In the upgrade create individual insert statements, don't use a transaction, and \echo that it's ok if these things fail. There have been (parts of?) scripts that have done that in the past. This is the simple/safe way to do it although personally I like for code to be able to depend on "system" things being in predictable places so this isn't my preference. (Perms aren't quite as important as things like billing reasons in this regard, but given my recent issues with coded value maps I have become much more picky about such things.)

Or, use a DO block to rename currently conflicting perms with ids > 1000, insert the id < 1000 versions, and replace any mappings under permission.* to use the new perms instead of the old and then remove the local ones. This obviously requires more testing and has more potential for issues than the above, but is entirely DOable (heh).

So what say ye: let the perms fall where they may or tidy up the place?

Also, re: pgTAP, I think a major permissions test would be the way to do it, with a (very) large script checking for the presence of permissions by feature. (so the C/R/U_AUTHORITY_RECORD would be 1 test for auth records, C/R/U_POP_BADGES/_POP_PARAMATER for popularity badges, etc.) *I'm* not going to have time for that before 2.12 comes out, but I do think it would be more valuable than a test for a specific grab bag of permissions missed in the past.

Jason,

I would be okay with either of the two options you suggested. The 2nd seems like it would be the 'more correct' way to approach it, but it sounds like it would be a lot more work. IMO, #1 seems to be good enough for our purposes.

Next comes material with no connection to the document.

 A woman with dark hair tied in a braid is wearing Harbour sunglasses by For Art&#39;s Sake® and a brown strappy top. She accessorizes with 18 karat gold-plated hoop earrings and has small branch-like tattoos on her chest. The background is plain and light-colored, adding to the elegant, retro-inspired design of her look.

The upgrade script has been upgraded to no longer require any admin intervention. If you've added one of these perms manually it's moved out of the way, the expected permission inserted, your maps updated, and then the old permission is removed. If you haven't added one or more, they're simply inserted and you're off.

Thank you Jason! Merged to master for inclusion in 2.12.

Note for anyone that comes across this bug while searching: This script does not include ADMIN_PROXIMITY_ADJUSTMENT as stated in the original bug report. That permission appears to still be lacking completely in the current SQL code.